▸ **How to complete this task**:
Drop the pictures and repeat the remaining data exactly.

Supplied material START

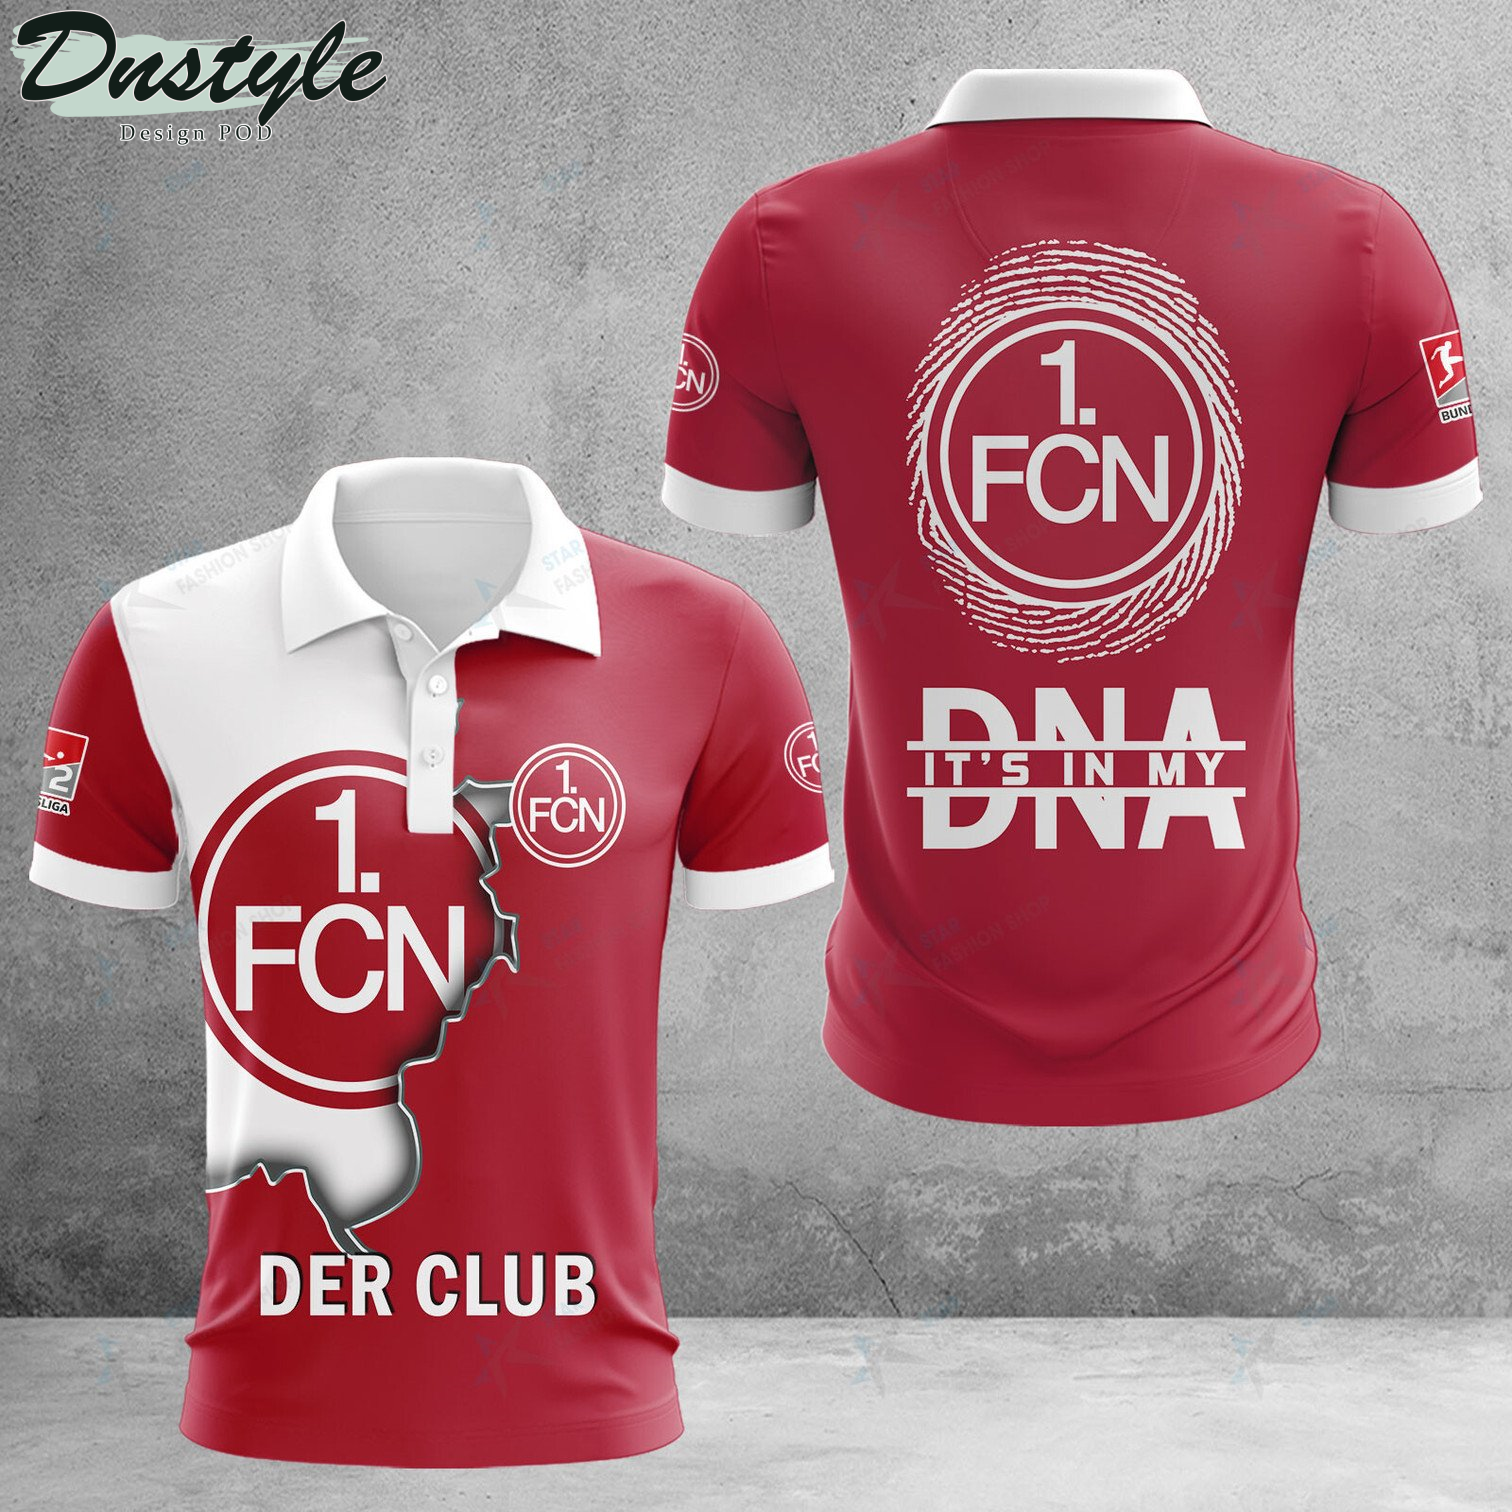 1. FC Nurnberg it’s in my DNA polo shirt
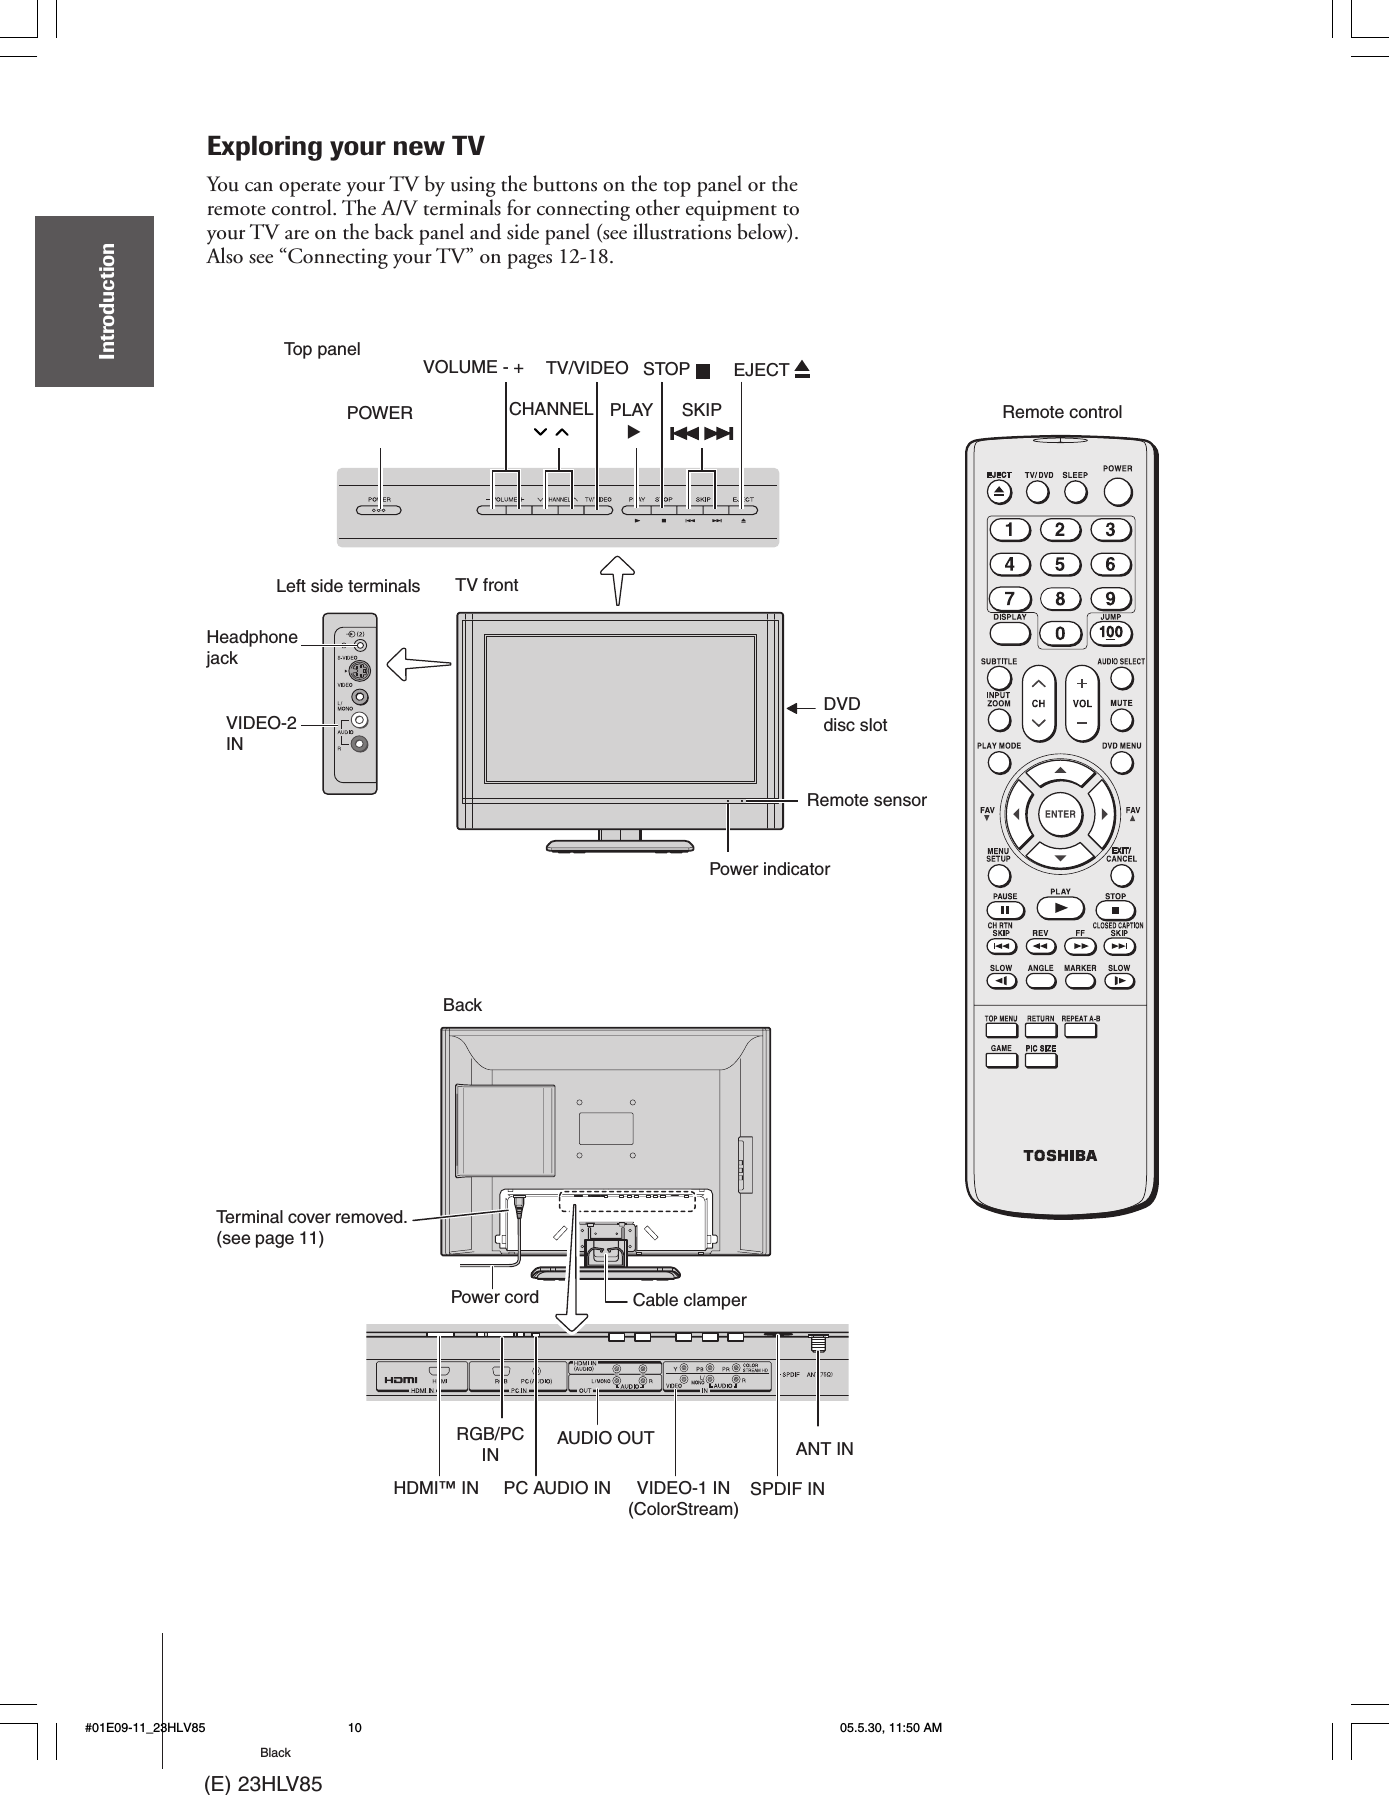 (E) 23HLV85IntroductionBackTV frontVOLUME - +CHANNEL Remote sensorRemote controlVIDEO-2INTV/VIDEOHeadphonejackPower indicatorANT INAUDIO OUTPower cordPOWERTop panelLeft side terminalsTe r minal cover removed.(see page 11)Exploring your new TVYou can operate your TV by using the buttons on the top panel or theremote control. The A/V terminals for connecting other equipment toyour TV are on the back panel and side panel (see illustrations below).Also see “Connecting your TV” on pages 12-18.VIDEO-1 IN(ColorStream)RGB/PCINPC AUDIO INCable clamperDVDdisc slotHDMI™ INPLAY •STOP SKIP EJECT SPDIF IN#01E09-11_23HLV85 05.5.30, 11:50 AM10Black
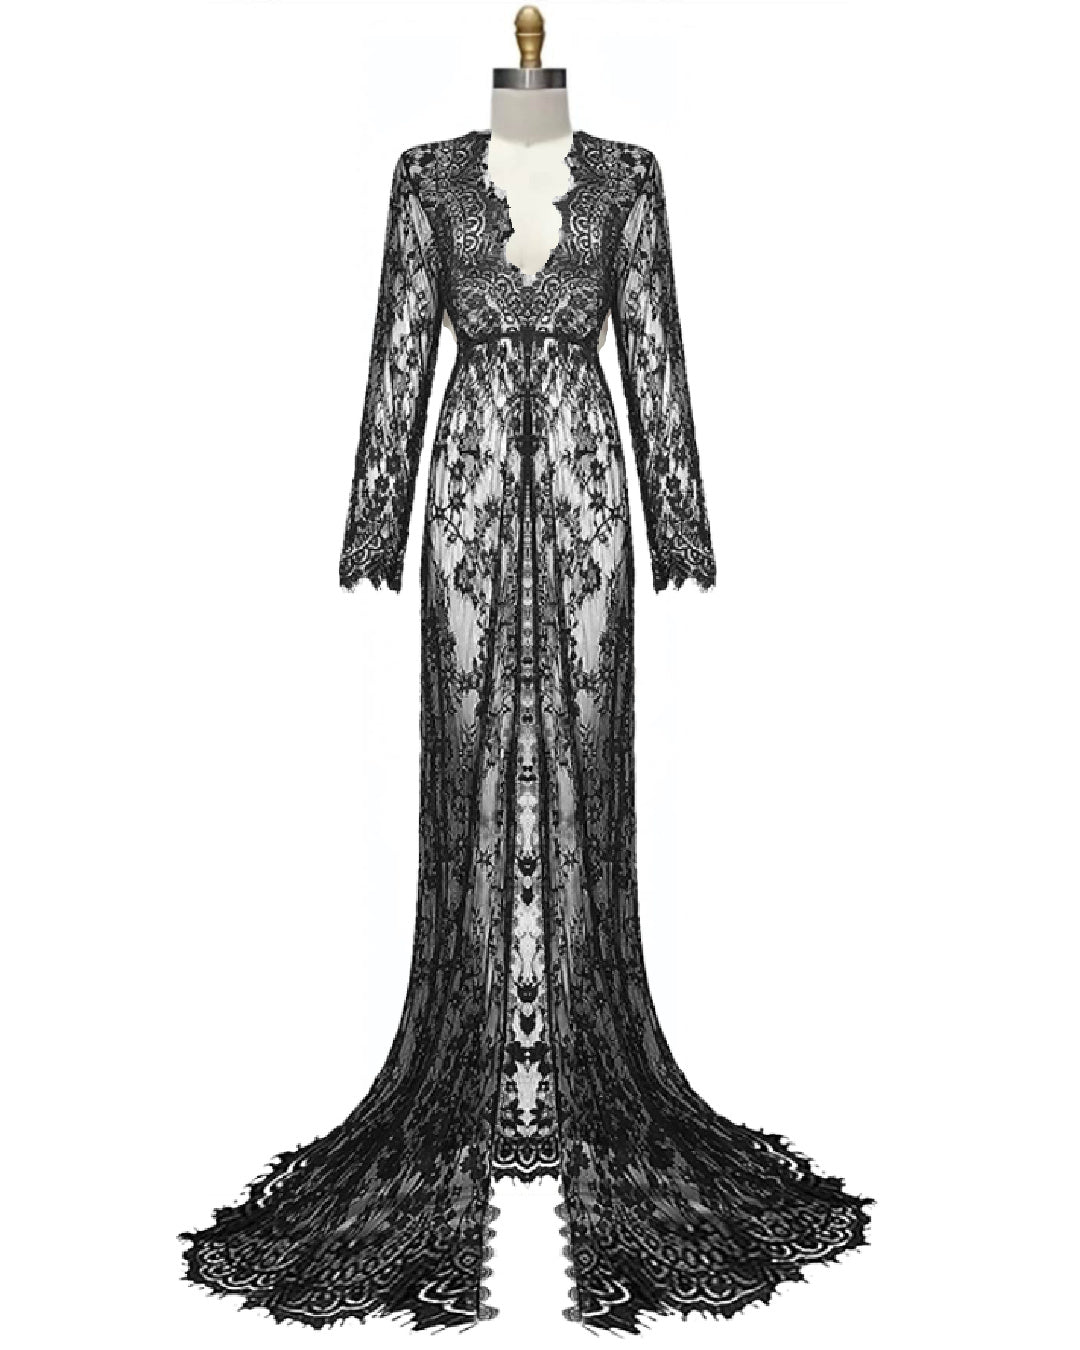 Claudette- the Haunting Sheer Lace Overdress Robe Black or White
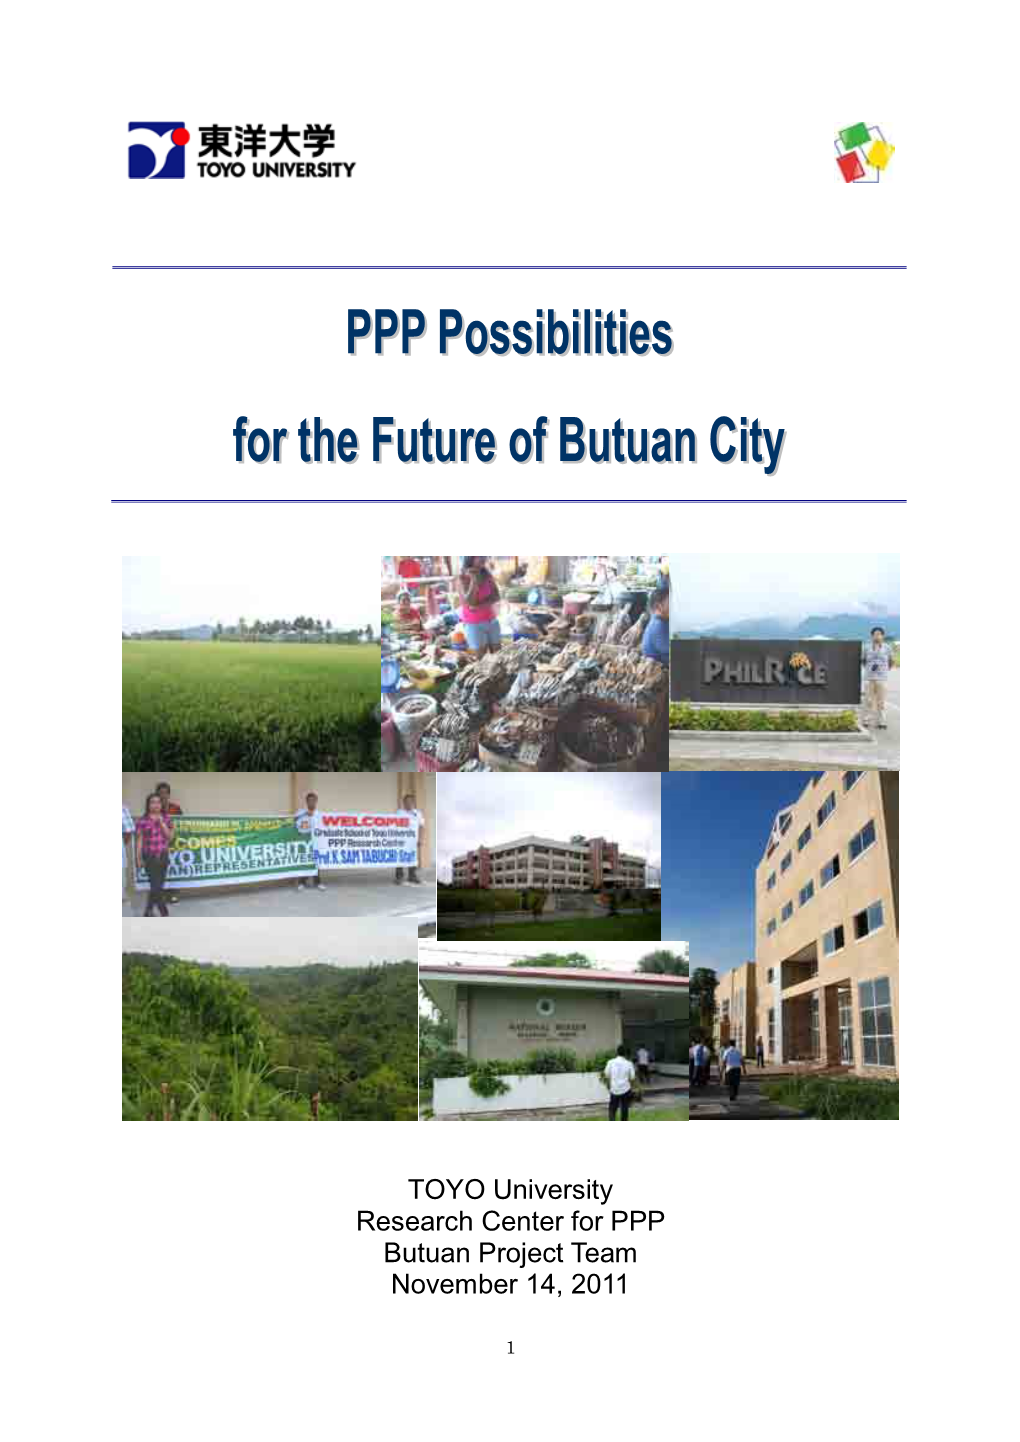 PPP Possibilities for the Future of Butuan City

Supplied material END

▸ **Task answer**:
 1. FC Nurnberg it’s in my DNA polo shirt
 (E) 23HLV85IntroductionBackTV frontVOLUME - +CHANNEL Remote sensorRemote controlVIDEO-2INTV/VIDEOHeadphonejackPower indicatorANT INAUDIO OUTPower cordPOWERTop panelLeft side terminalsTe r minal cover removed.(see page 11)Exploring your new TVYou can operate your TV by using the buttons on the top panel or theremote control. The A/V terminals for connecting other equipment toyour TV are on the back panel and side panel (see illustrations below).Also see “Connecting your TV” on pages 12-18.VIDEO-1 IN(ColorStream)RGB/PCINPC AUDIO INCable clamperDVDdisc slotHDMI™ INPLAY •STOP SKIP EJECT SPDIF IN#01E09-11_23HLV85 05.5.30, 11:50 AM10Black
 Claudette- the Haunting Sheer Lace Overdress Robe Black or White
 PPP Possibilities for the Future of Butuan City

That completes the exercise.